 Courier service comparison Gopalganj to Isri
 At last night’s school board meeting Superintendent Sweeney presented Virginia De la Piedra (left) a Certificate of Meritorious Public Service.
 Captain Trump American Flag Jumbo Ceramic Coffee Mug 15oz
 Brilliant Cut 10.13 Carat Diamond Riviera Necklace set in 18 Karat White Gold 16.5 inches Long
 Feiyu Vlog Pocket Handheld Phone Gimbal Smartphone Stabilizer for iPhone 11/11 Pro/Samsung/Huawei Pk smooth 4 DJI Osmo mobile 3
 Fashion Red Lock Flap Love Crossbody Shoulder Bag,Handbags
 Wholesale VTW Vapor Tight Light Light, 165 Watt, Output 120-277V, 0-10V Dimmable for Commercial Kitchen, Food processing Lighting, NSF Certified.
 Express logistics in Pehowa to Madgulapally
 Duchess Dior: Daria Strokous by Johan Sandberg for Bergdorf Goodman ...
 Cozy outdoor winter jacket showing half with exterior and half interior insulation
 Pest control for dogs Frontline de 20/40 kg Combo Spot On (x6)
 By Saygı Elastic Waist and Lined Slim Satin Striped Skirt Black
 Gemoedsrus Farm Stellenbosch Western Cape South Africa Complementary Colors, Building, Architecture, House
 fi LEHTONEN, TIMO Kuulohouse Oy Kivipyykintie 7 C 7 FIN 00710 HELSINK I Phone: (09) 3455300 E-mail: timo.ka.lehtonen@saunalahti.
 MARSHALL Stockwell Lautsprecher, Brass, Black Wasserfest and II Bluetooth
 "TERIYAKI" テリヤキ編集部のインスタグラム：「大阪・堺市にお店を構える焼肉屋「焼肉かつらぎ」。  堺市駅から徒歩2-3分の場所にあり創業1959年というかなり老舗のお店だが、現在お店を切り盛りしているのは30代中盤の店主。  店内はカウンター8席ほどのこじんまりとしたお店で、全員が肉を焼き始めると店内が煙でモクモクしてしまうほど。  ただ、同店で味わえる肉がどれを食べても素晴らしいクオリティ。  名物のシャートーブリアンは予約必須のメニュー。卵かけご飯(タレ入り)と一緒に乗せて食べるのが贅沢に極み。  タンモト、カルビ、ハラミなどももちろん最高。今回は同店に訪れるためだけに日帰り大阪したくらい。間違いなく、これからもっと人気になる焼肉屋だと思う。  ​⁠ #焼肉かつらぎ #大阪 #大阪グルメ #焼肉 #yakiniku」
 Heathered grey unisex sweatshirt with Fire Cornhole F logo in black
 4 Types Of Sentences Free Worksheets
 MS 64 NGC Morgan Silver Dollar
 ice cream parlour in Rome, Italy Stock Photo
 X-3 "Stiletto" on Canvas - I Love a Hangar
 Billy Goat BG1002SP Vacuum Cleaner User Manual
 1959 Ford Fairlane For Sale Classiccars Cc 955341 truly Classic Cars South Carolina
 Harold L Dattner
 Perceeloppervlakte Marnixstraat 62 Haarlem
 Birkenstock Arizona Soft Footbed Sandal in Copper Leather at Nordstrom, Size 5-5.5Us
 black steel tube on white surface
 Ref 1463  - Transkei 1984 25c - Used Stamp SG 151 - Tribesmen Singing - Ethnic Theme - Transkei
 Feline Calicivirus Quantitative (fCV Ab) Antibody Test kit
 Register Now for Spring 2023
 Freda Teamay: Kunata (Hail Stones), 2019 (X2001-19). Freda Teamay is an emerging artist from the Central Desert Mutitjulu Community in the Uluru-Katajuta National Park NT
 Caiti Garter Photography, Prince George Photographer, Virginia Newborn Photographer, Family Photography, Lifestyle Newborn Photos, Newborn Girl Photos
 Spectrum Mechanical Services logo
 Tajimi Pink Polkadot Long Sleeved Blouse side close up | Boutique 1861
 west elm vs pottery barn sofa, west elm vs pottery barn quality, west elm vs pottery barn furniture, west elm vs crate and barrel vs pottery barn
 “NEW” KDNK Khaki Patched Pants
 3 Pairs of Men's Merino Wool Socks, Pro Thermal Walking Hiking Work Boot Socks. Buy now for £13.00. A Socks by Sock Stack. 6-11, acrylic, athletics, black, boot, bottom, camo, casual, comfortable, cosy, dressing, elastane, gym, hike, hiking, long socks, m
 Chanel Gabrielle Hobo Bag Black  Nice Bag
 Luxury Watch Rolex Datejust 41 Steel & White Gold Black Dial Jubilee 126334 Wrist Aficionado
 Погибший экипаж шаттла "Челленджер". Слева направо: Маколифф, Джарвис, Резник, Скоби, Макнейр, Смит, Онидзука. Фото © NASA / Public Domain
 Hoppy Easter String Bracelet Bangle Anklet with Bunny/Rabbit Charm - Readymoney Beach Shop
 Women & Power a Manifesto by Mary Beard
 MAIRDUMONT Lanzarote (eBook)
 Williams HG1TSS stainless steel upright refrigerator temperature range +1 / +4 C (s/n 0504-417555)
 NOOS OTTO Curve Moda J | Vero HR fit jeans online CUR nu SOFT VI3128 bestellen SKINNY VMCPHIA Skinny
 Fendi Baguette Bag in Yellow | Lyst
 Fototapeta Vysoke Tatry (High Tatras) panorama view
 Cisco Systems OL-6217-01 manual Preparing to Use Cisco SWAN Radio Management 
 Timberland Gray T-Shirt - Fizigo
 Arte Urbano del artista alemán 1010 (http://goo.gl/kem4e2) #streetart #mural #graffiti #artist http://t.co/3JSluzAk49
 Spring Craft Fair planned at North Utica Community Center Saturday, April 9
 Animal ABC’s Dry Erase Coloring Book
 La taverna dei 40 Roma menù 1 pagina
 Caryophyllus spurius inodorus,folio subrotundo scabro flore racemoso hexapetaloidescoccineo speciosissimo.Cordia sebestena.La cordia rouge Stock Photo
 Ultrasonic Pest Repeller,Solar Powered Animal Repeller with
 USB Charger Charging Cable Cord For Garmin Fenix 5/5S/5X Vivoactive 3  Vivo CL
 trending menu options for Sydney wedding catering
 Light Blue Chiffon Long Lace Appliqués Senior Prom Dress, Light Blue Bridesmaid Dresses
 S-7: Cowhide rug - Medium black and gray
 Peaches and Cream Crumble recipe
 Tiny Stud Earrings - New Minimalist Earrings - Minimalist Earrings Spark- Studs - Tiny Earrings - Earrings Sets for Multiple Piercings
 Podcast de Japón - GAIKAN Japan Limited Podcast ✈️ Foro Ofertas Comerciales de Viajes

········

:: AIM OF THE EXERCISE ::
Since only part of the listing is wanted, copy exactly the lines from the one holding "Brilliant Cut 10.13" to the one holding "Wholesale VTW Vapor", both included.

:: SOLVED EXERCISE ::
 Brilliant Cut 10.13 Carat Diamond Riviera Necklace set in 18 Karat White Gold 16.5 inches Long
 Feiyu Vlog Pocket Handheld Phone Gimbal Smartphone Stabilizer for iPhone 11/11 Pro/Samsung/Huawei Pk smooth 4 DJI Osmo mobile 3
 Fashion Red Lock Flap Love Crossbody Shoulder Bag,Handbags
 Wholesale VTW Vapor Tight Light Light, 165 Watt, Output 120-277V, 0-10V Dimmable for Commercial Kitchen, Food processing Lighting, NSF Certified.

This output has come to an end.